VMware Cloud Community
gwrcn
Contributor
Contributor
‎10-04-2014 08:31 AM

failed to login to vcenter and failed to replace ssl certificate for vcenter appliant 5.5

when i login to vcenter ,it spit out clock synchronization issue between web client and vcenter server.

i sure that the vcenter server  synchronize time with the ntp server as well as the web client.

i suspect it is a ssl certificate issue so i try to replace the certificate as per the vmware kb VMware KB:    Configuring Certificate Authority (CA) signed certificates for vCenter Server Applianc...and VMware KB: Creating a Microsoft Certificate Authority Template for SSL certificate creation in vSphe....

unfortunately i failed in the following command  thought i have replace dos line ending in all certificate files from microsoft ca authrority:

/usr/sbin/vpxd_servicecfg certificate change chain.pem rui.key

it reture status code 650  while normally it expect status code 0.


version info about vcenter :

Appliance Version: 5.5.0.5101 Build 1398493

Update from version 5.1.

anticipate your response,thank in advance.

0 Kudos
5 Replies
vuzzini
Enthusiast
Enthusiast
‎10-04-2014 11:06 PM

Hello gwrcn,

Have you got a chance to review the vpxd.log after trying to replacing the SSL certificate failed ?
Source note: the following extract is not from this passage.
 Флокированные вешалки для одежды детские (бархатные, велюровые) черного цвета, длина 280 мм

Usually, the reason for VC_CFG_RESULT=650 occurs when vCenter Server could not re-encrypt its various configuration settings (database password and host passwords) with the new private key or it could not update its vCenter Single Sign-On application user. 


Please refer KB article VMware KB: Decoding a non-zero VC_CFG_RESULT for failed vpxd_servicecfg certificate changes , also check whether the integrity of chain.pem certificate is fine.
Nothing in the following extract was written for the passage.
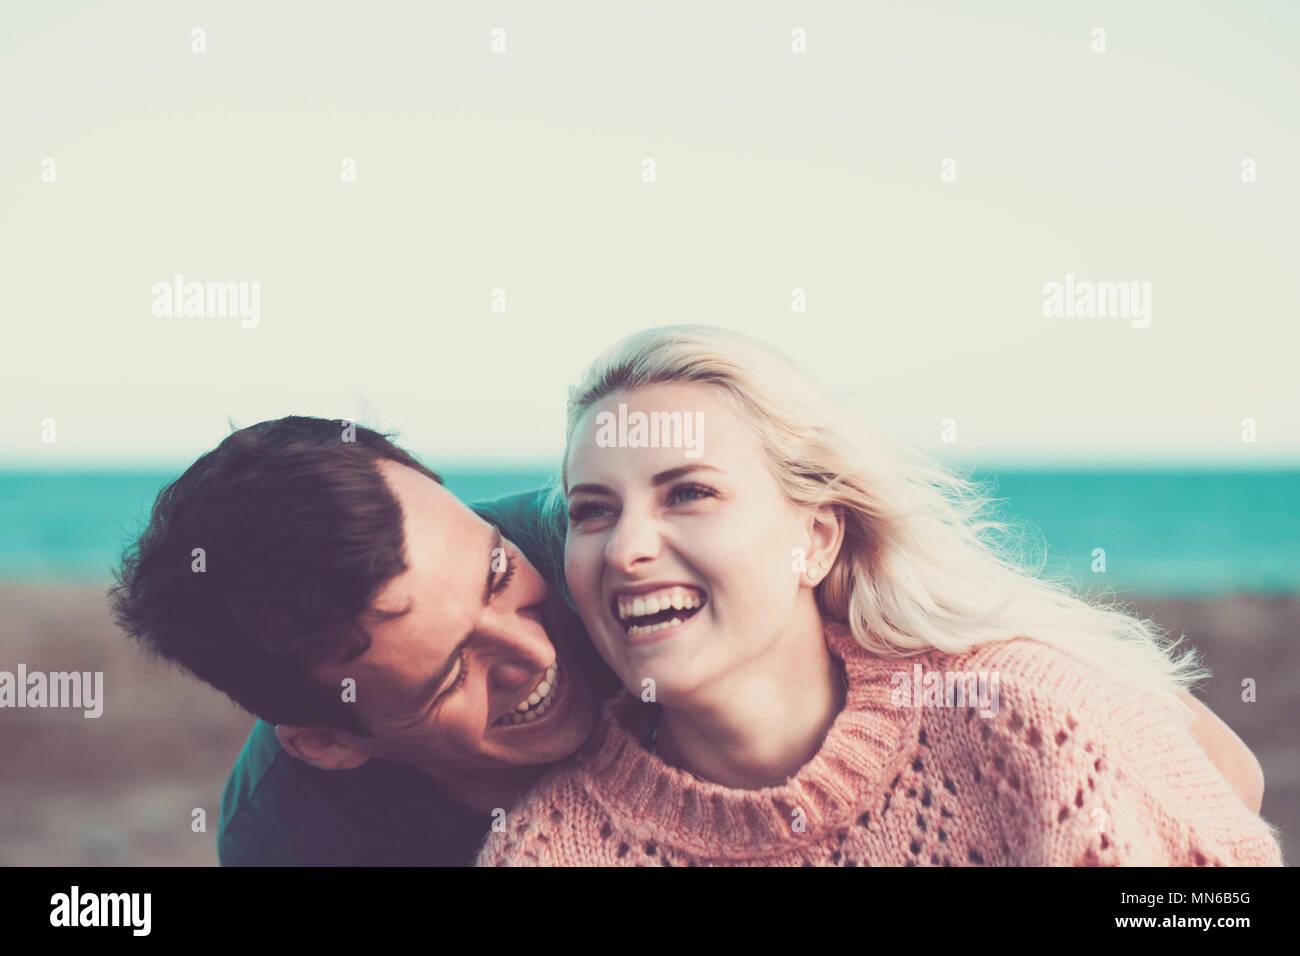 Junge kaukasier paar blonde und schwarze Haare bleiben zusammen, mit Freude und Liebe outdoor mit Strand und das Meer im Hintergrund. Freizeit Urlaub Konzept mit Stockbild

If you found this or any other answer useful please consider the use of the Helpful or Correct buttons to award points. Sandeep Vuzzini Sr. DevOps Engineer
0 Kudos
gwrcn
Contributor
Contributor
‎10-05-2014 04:03 AM

appreciate your response.

I reviewed  the log file carefully before executing the command ,it spit out the following error info:

ager.login -- 0a2824dc-6720-b651-5929-afe986a282f4

2014-10-05T10:39:11.548Z [7FA3C3DFB700 info '[SSO]' opID=19cd2113] [UserDirectorySso] Authenticate(root, "not shown")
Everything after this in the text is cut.